[amp_mcq option1=”$${1 \over 3} < \left| z \right| < 3$$" option2="$${2 \over 3} < \left| z \right| < 3$$" option3="$${3 \over 2} < \left| z \right| < 3$$" option4="$${1 \over 3} < \left| z \right| < {2 \over 3}$$" correct="option3"]
The correct answer is $\boxed{{1 \over 3} < \left| z \right| < {2 \over 3}}$.
The region of convergence of a linear combination of two sequences is the intersection of the regions of convergence of the two sequences. In this case, the region of convergence of $x_1[n] + x_2[n]$ is $${1 \over 3} < \left| z \right| < {2 \over 3},$$ so the region of convergence of $x_1[n] – x_2[n]$ must be a subset of this region.

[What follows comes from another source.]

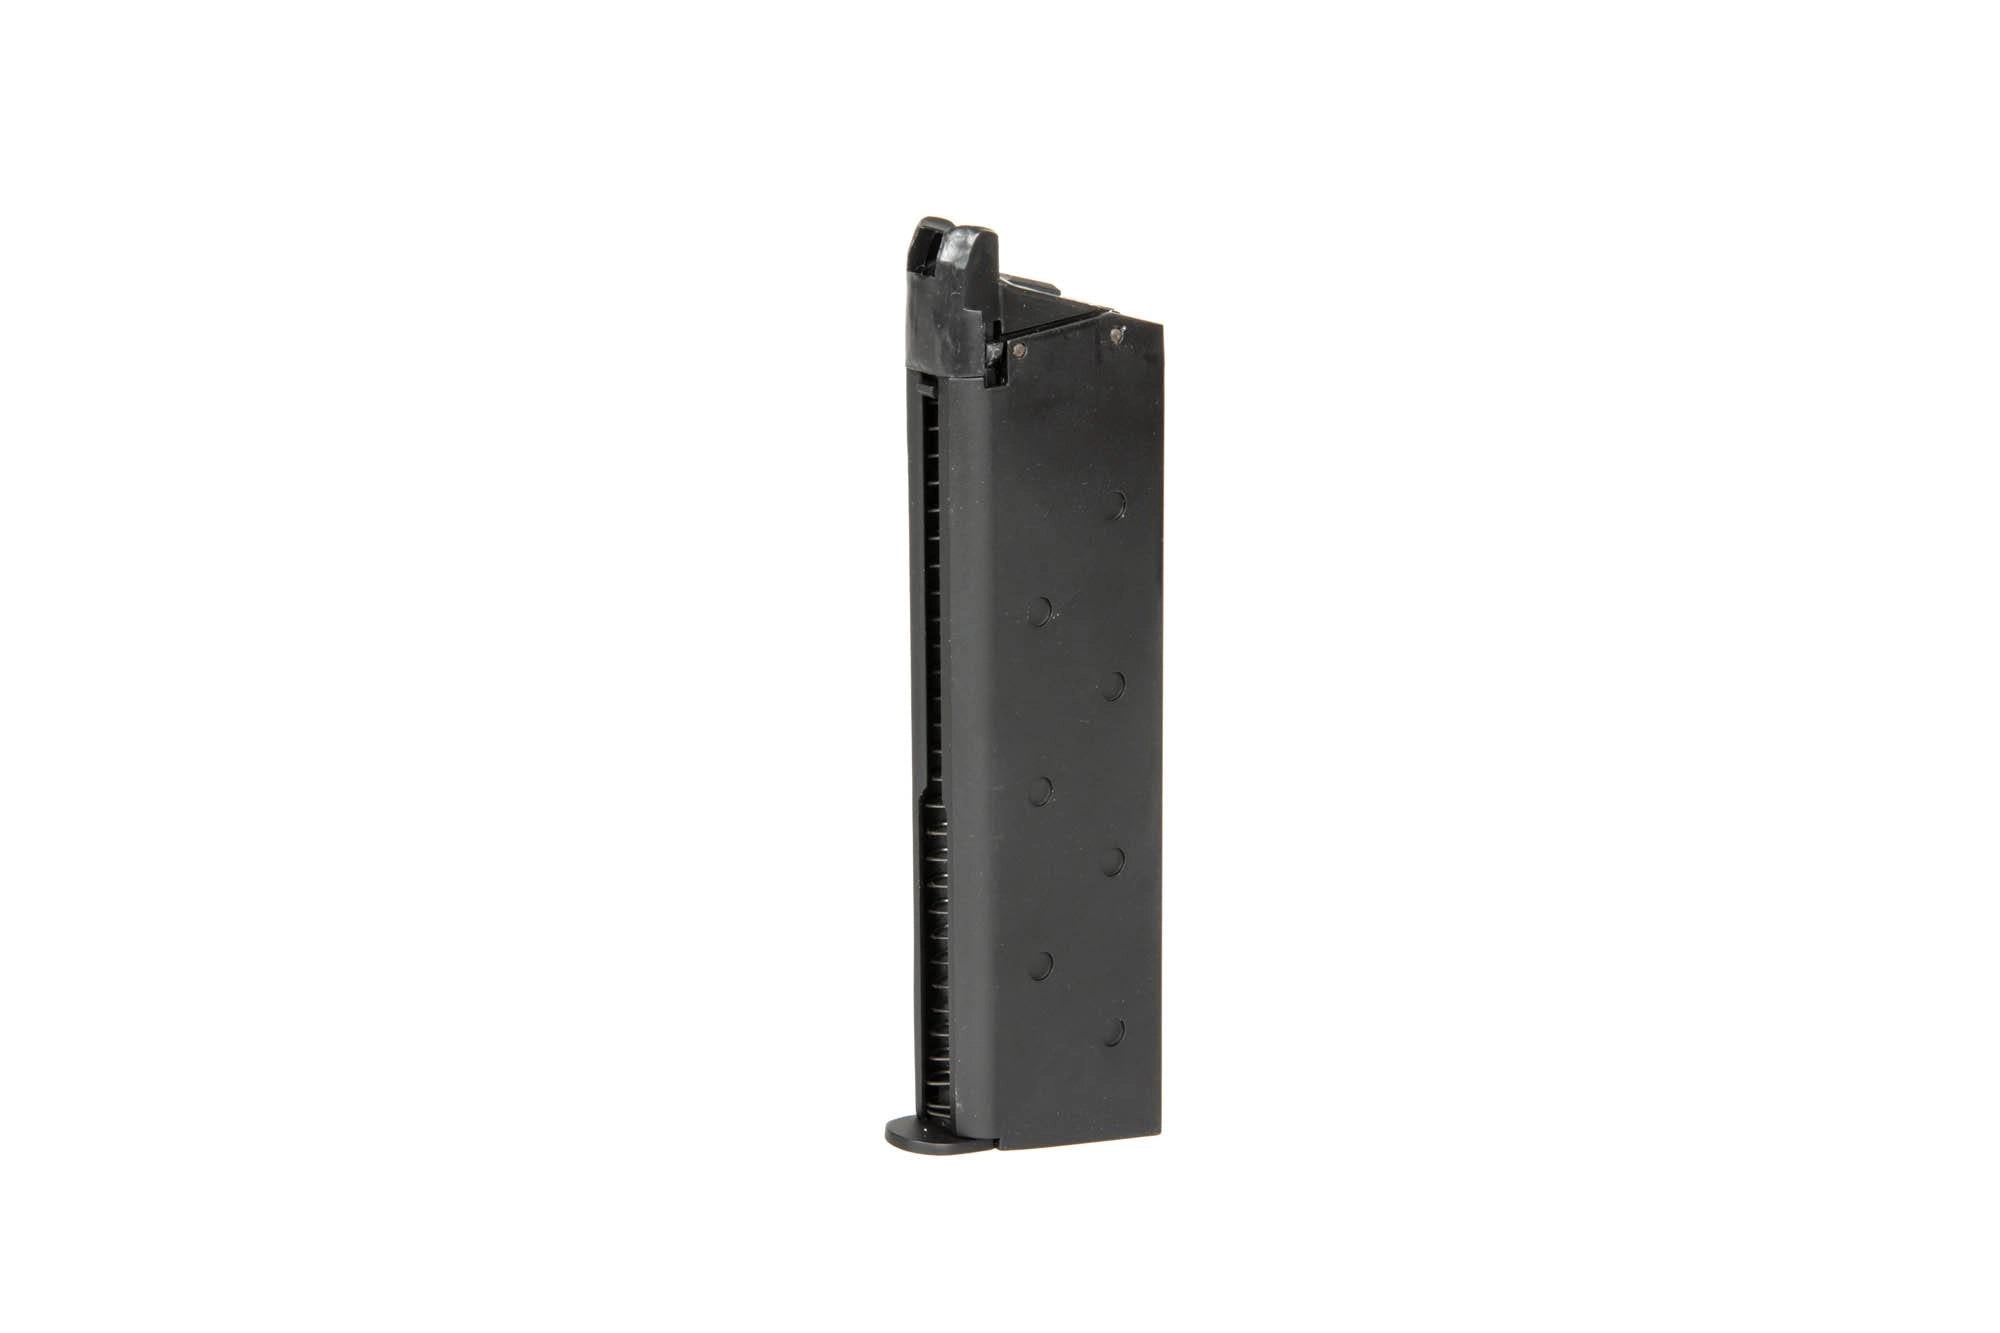 Green Gas 25 BB Magazine for Double Bell 723 (M1911) Replicas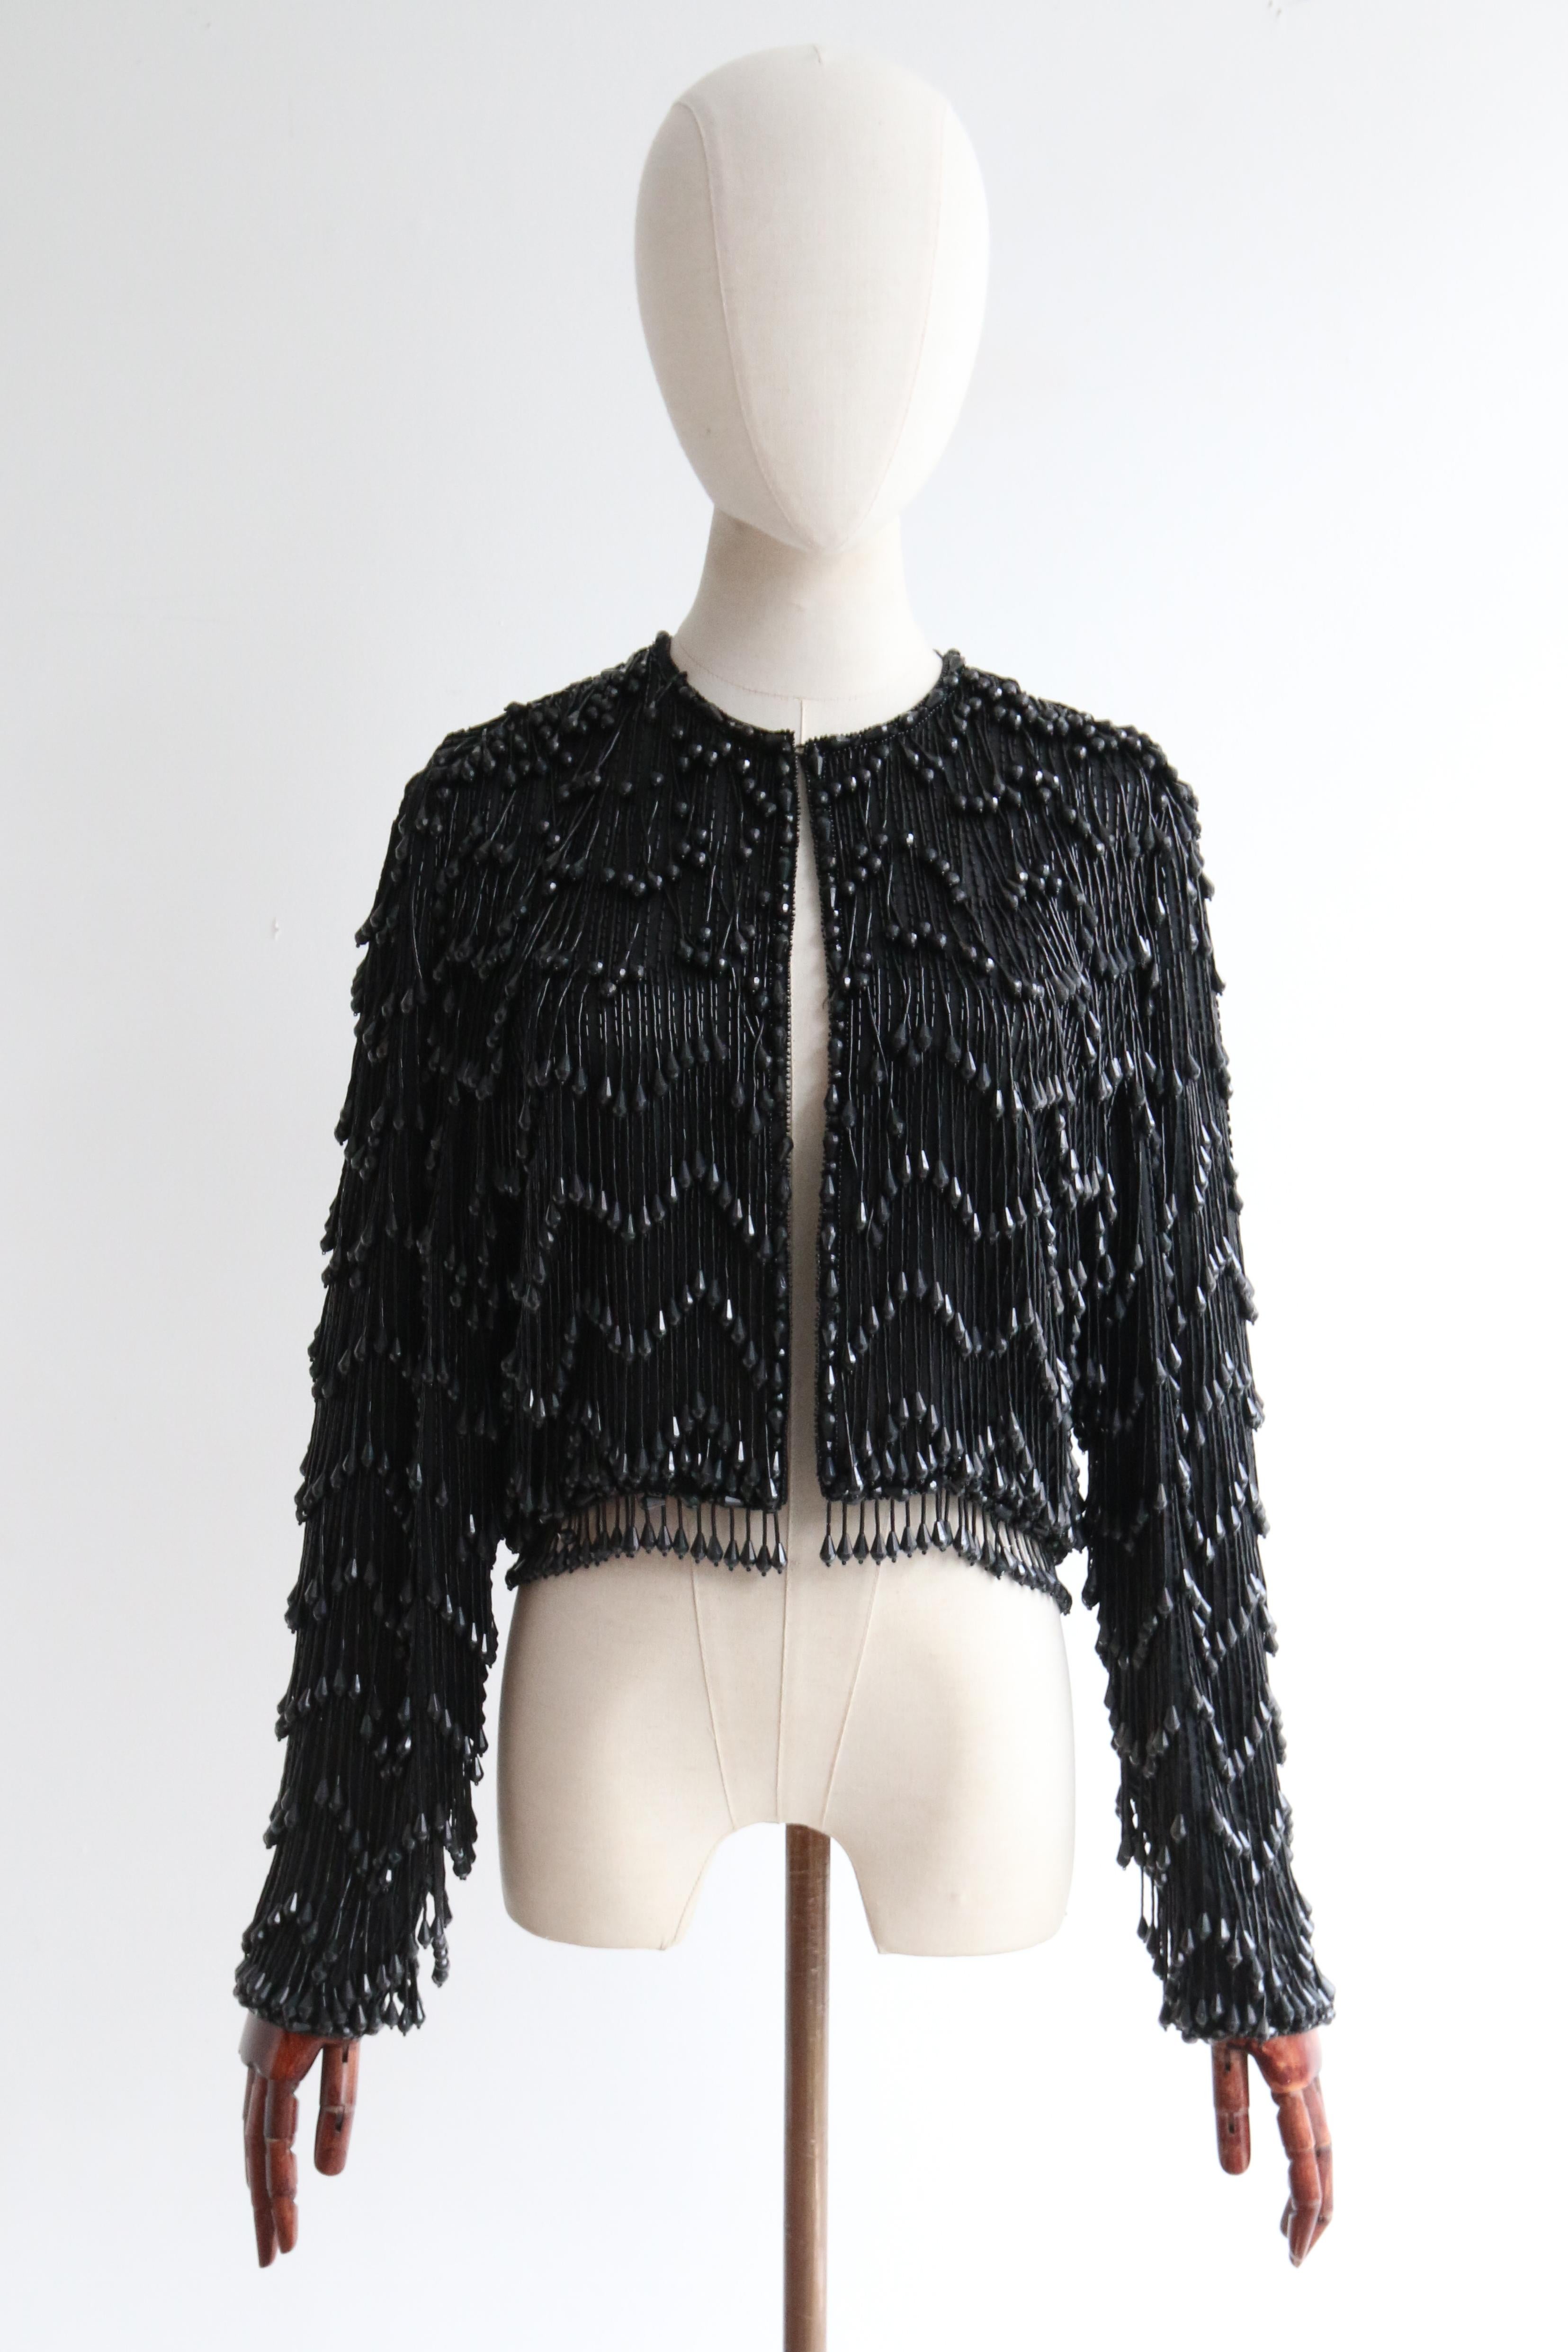 This truly mesmerising late 1960's silk chiffon based jacket by Victoria Royal LTD, fully embellished with black glass bugle beads sewn in horizontal stripes, beneath strands of black glass bugle beads finished with faceted teardrop beads in a

Since the region of convergence of a sequence is always a disk centered at the origin, the only possible region of convergence for $x_1[n] – x_2[n]$ is $${1 \over 3} < \left| z \right| < {2 \over 3}.$$
Option A is incorrect because it includes the point $z=3$, which is not in the region of convergence of $x_1[n] – x_2[n]$. Option B is incorrect because it includes the point $z=2$, which is not in the region of convergence of $x_1[n] – x_2[n]$. Option C is incorrect because it includes the point $z=3/2$, which is not in the region of convergence of $x_1[n] – x_2[n]$.